PDF streaming
If one is using the web server as an online repository of references, chances are PDF is one of the main document formats.
PDFs upon creation typically do not support streaming, due to how object references are stored in ''xref'' table located at the end of the PDF file. The PDF-1.2 specification does introduce the concept of "Linearized PDF", where the browser can send byte range requests to load specific pages of the PDF. The brand name of this feature is called "Fast Web View". In such files, a linearization dictionary is defined.
Linearization itself is easily done with qpdf (available on Ubuntu PPA as qpdf
):
qpdf --linearize [INPUT.PDF] [OUTPUT.PDF]
To check if PDF is linearized:
qpdf --check-linearization [INPUT.PDF]
Incidentally, Ubuntu 22.04 LTS default PDF viewer (evince
) does not support this feature.
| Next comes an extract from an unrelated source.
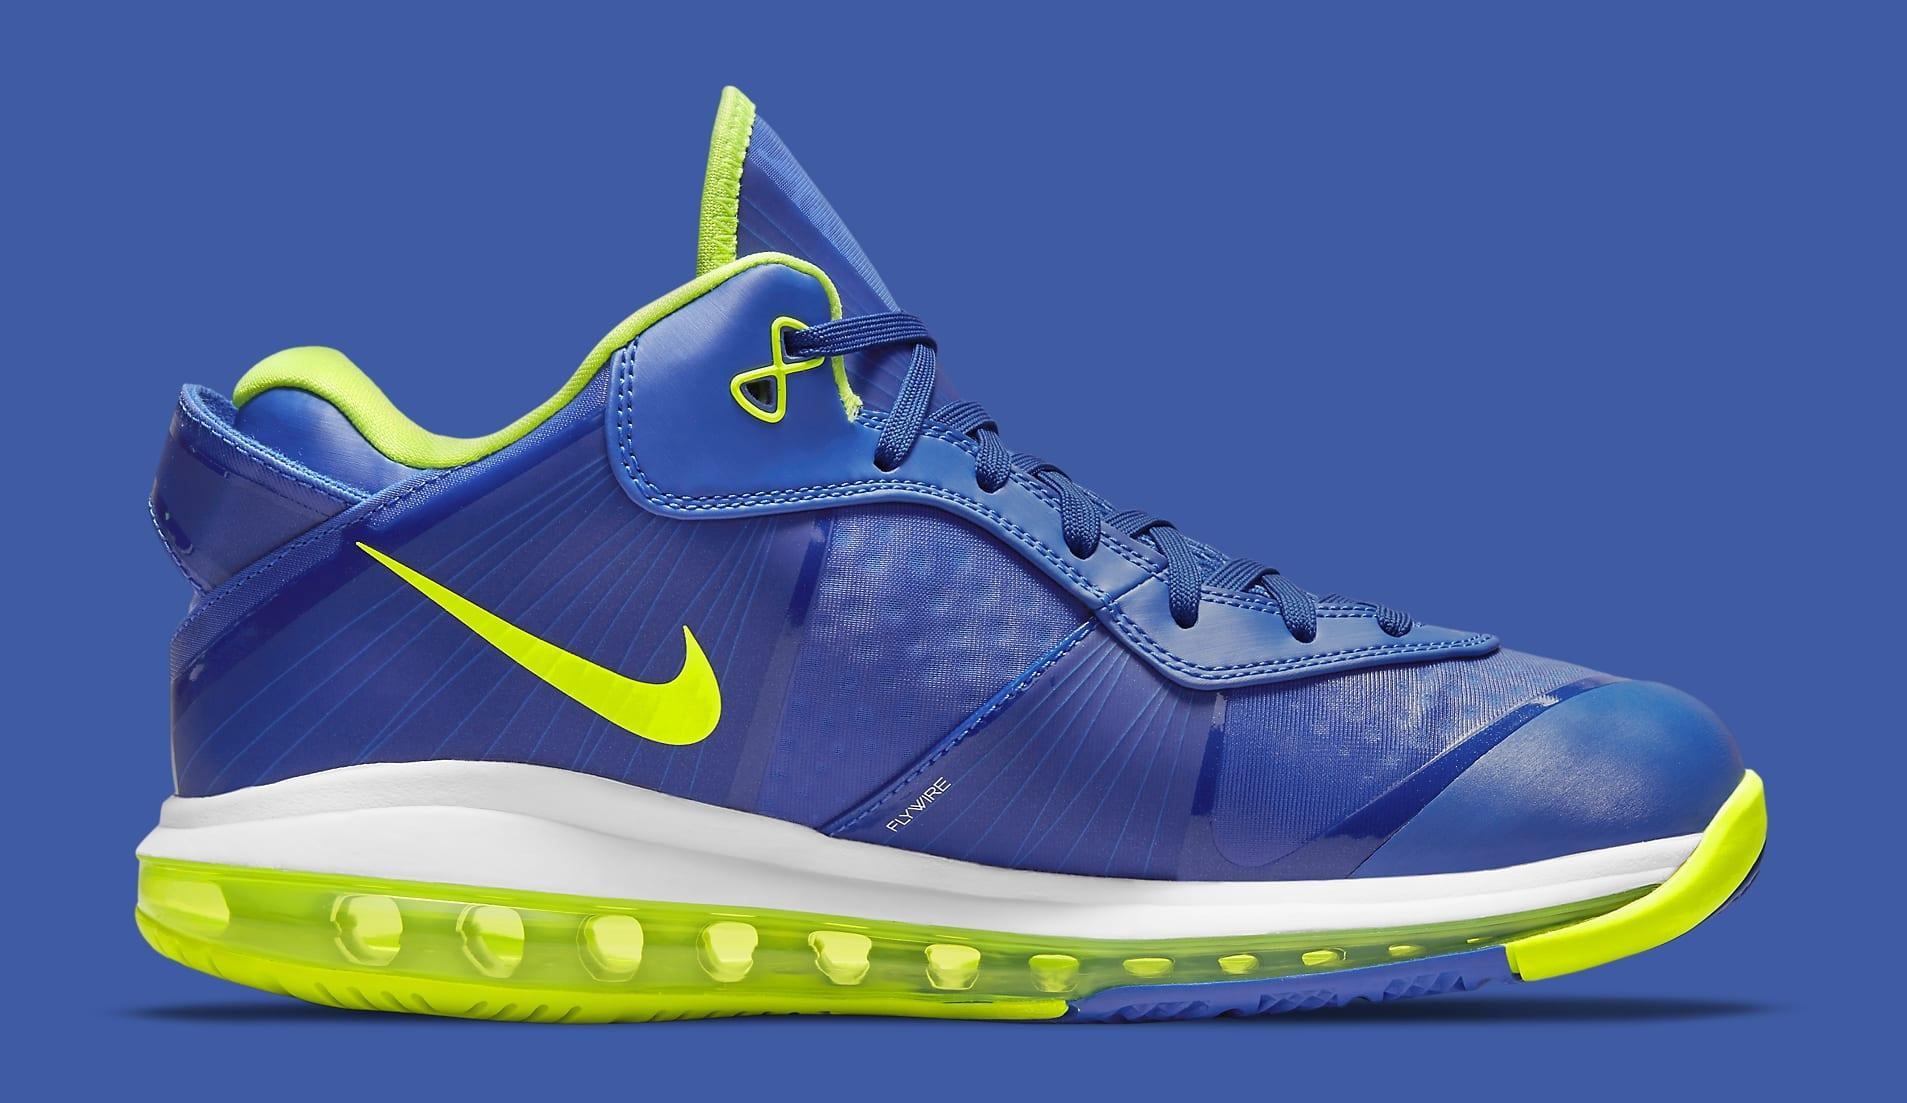 Nike LeBron 8 Low 'Sprite' 2021 DN1581-400 Medial
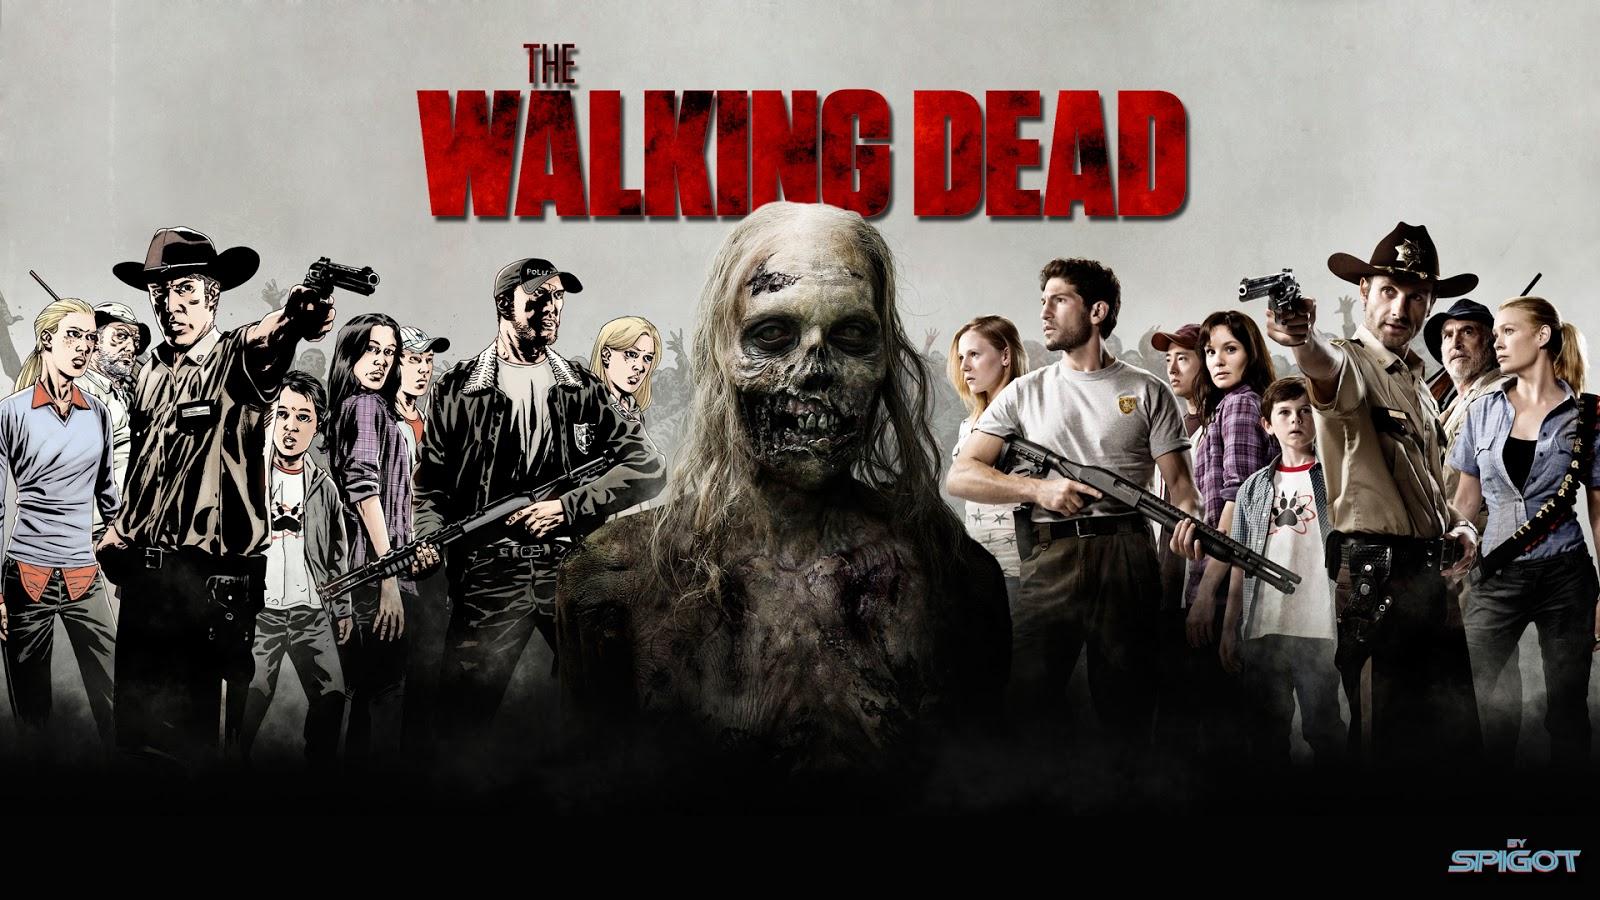 Free Download The Walking Dead Season 6 Wallpapers Digitalhintnet

One can opt to use qpdfview
(also on Ubuntu PPA).
For the server-side, thankfully there is nothing much to configure other than try_files
- nginx sends the header Accept-Ranges: bytes
by default. Ensure that the PDF file is readable by the user running the webserver (typically www-data
).
For example, the default PDF viewer in Chrome will display "Fast web view: Yes":
Using Chrome's default PDF viewer does not properly handle linearized PDFs though - PDF load times are still pretty high. Seems like the SingleFile
extension is hooked and takes over loading of entire PDF:
PDF.js Chrome extension in contrast handles this correctly with 65 kB chunks, with the first request containing byte range header Content-Range: bytes 248971264-249036799/249098349
corresponding to page 100 of 696.
If the PDF still doesn't load dynamically, consider adding the following configuration to Nginx:
# Explicit use of byte-range header add_header Accept-Ranges bytes; # Force enable of byte-range support irregardless of cache status proxy_force_ranges on; # Explicitly specify file type default_type application/pdf;